Of course, not every rich person has exactly the same money habits. But here are four borrowing rules the wealthy tend to follow that others often don't.

1. Use debt as a tool

Wealthy people aren't afraid of borrowing. But they typically don't borrow money to live beyond their means or because they failed to save for emergencies or make a plan to cover expenses.

Instead, rich people tend to use debt as a tool to help them build more wealth. For example, very rich people might borrow money to acquire a company if they think they can improve its profitability. They might also borrow to fund a startup business, or use margin in their brokerage account to invest in more assets that will help them build wealth.

2. Make credit cards pay you instead of you paying them

Rich people often use credit cards. But rather than paying interest to their card issuers, they collect rewards by charging all of their purchases and then pay their balance in full to avoid owing any interest.

By collecting rewards and never paying credit card interest, wealthy people get richer as a result of their relationship with their card company rather than getting poorer. Many rich people even sign up for cards with large annual fees, but they do so to take advantage of valuable perks those cards offer, such as concierge service, flight or hotel upgrades, and more.
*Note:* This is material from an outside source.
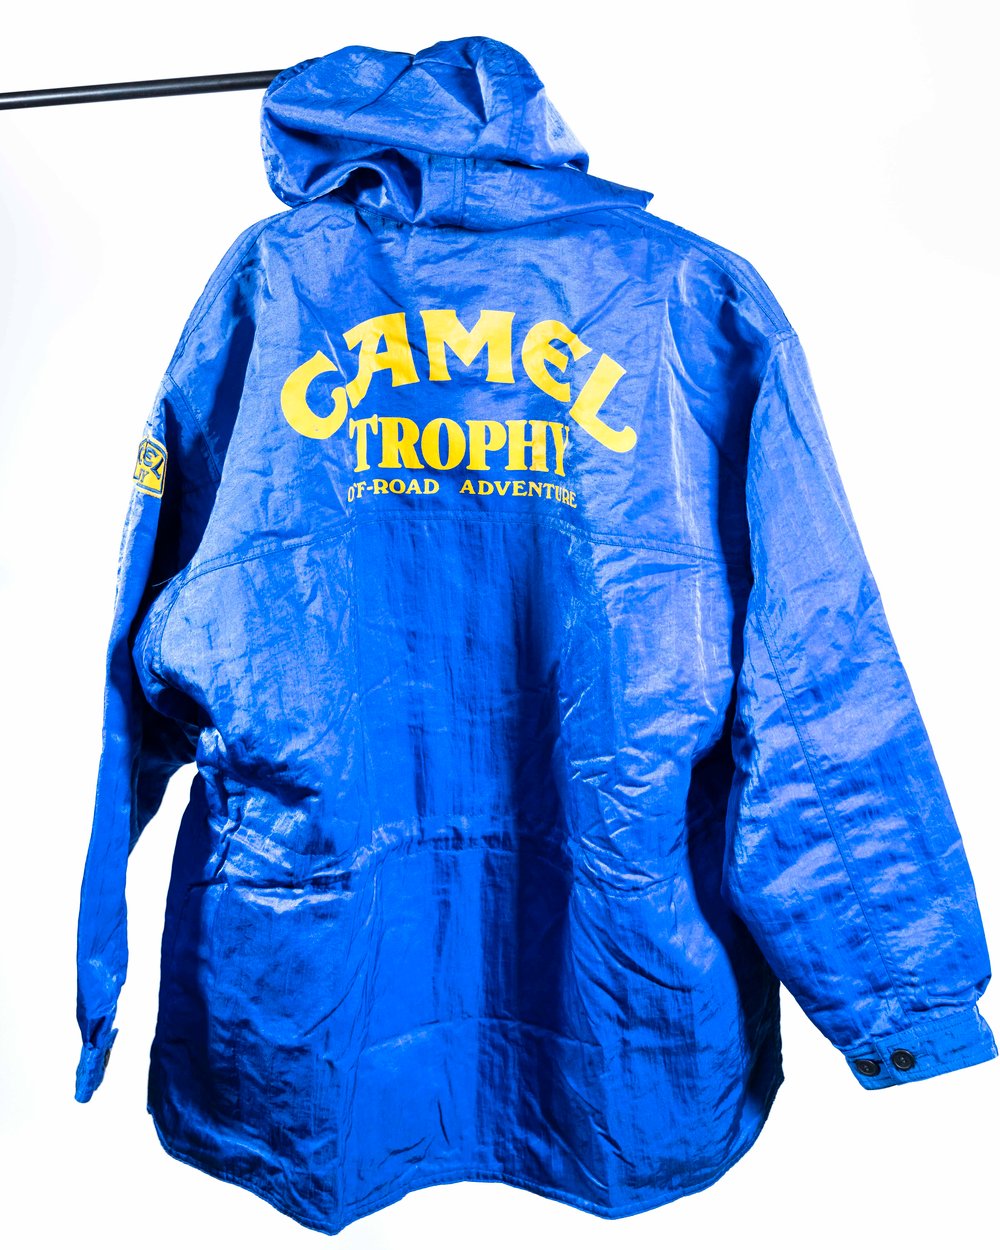 Camel Trophy Bench Coat (Large)

3. Don't borrow for depreciating assets

Typically, rich people know it does not make sense to borrow for anything that is going to go down in value over time instead of up.

By borrowing for things like cars, consumer goods, groceries, or vacations, you end up making those purchases more expensive and thus wasting money on them. Unless whatever you are borrowing for is going to grow your wealth over time, it's not worth paying interest charges to fund it.

4. Make lenders work for your business

Finally, rich people don't just accept whatever loan they're offered on whatever terms the lender wants to give them. They often make lenders work for their business.

This could involve doing something as simple as shopping around to get different quotes before deciding which bank or credit union to take a loan from. Simply comparing offers allows you to go with the company that gives you the best deal -- rather than just going with a financial institution you happen to find first.

Wealthy people sometimes take this process even further. They may ask for discounts on fees or other special borrowing perks, especially if they have a relationship with the lenders and can leverage that into getting better loan terms.

The good news is, you can follow all these rules even if you aren't already wealthy. And doing so could help you become rich yourself over time.